Nevertheless, The Reporter’s sources are unclear whether the fire was directly linked to the week-long protest in Kilinto and if indeed the fire was started by an act of protest. Government statement at the time indicated that fire broke out in the prison system due a riot that broke out in the prison that day.
Thus far, no conclusive and independent investigation has been carried out to indentify the cause of the fire and how the 23 inmates lost their lives in the fire damage.
In a related news, the Ethiopian Human Rights Commission has announced that it will start investigating the incident in Kilinto this week. Getachew Reda, Government Communications Minster, in his recent interview with Tefera Gedamu, host of an English talk show on Ethiopia Broadcasting Corporation entitled “Meet EBC” have revealed suspicion of foul play in the Kilinto fire and reaffirmed that the government of Ethiopia is keen to investigate the cause of the fire, how close 23 people lost their lives and the overall prison administration.
After the incident, the Federal Prison Administration has announced that it has moved prisoners out of the Kilinto Prison and into other prisons facilities across the country mainly: Zeway and Shewa Robit.

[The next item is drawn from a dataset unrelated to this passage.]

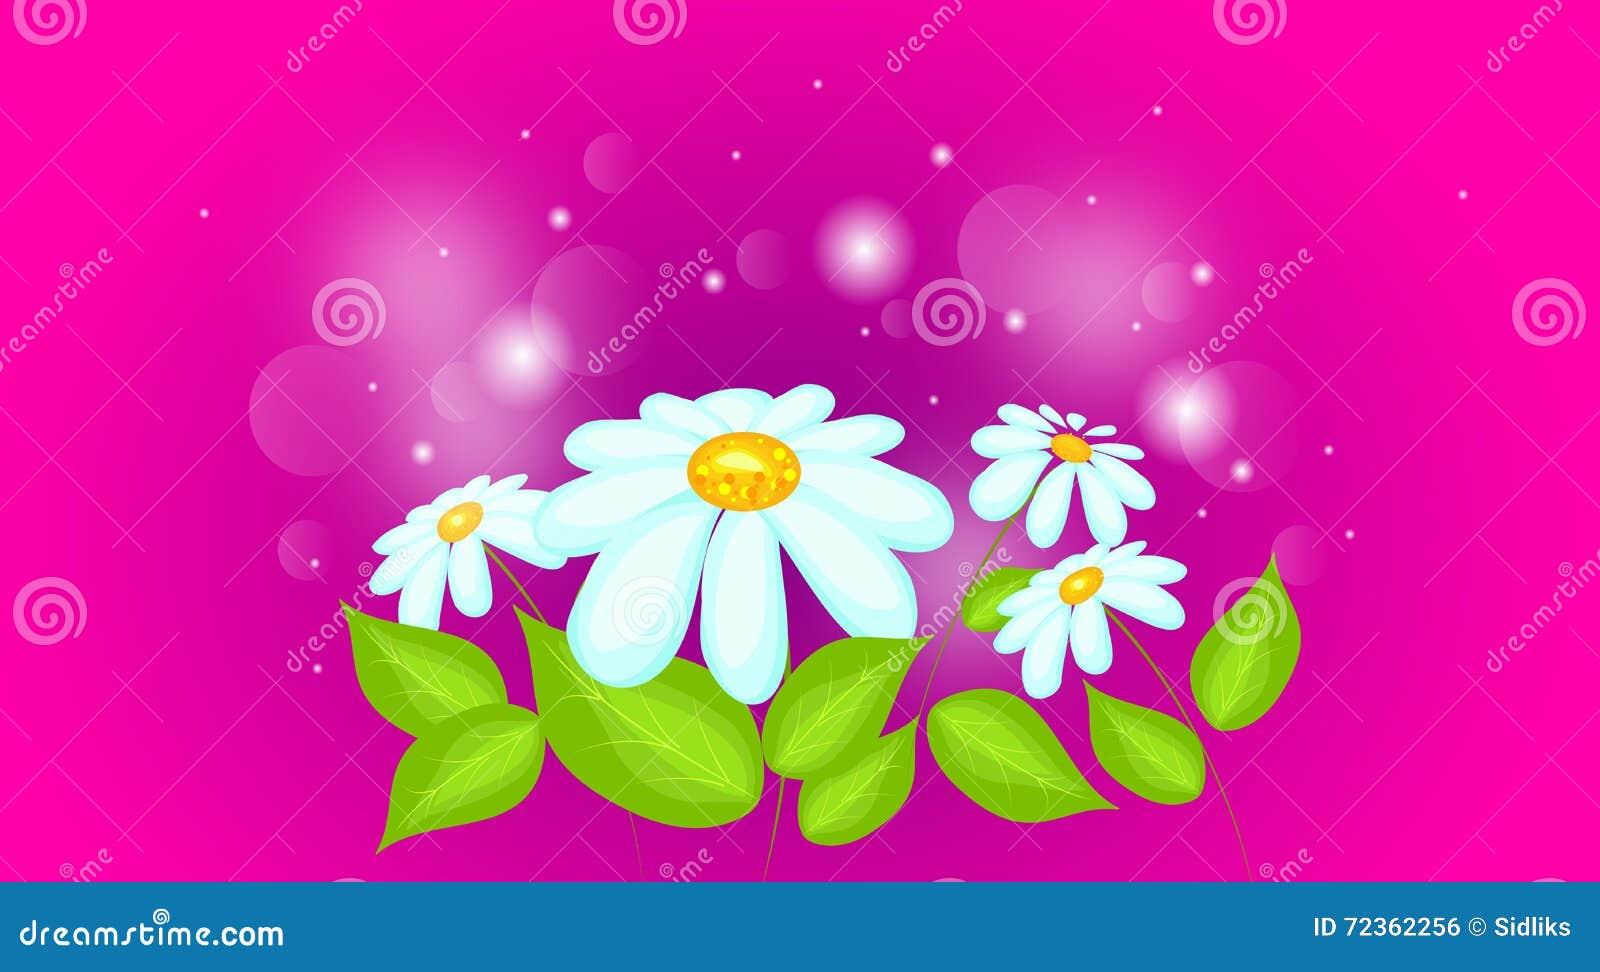 雏菊有发光的背景

Before the fire, Kilinto has close to 3,000 prisoners under its care most of which include high profile politicians, journalists and business personalities. Thus far, the prison administrators have assured the families and supporters that high profile politicians such as Bekele Gerba, deputy chairman of the Oromo Federalist Congress (OFC), were unharmed by the fire and have been moved to other prison facilities.
In fact, Kilinto is one of the most recently built prison facilities in Ethiopia which is also believed to have better facilities than most of the other prisons in Ethiopia.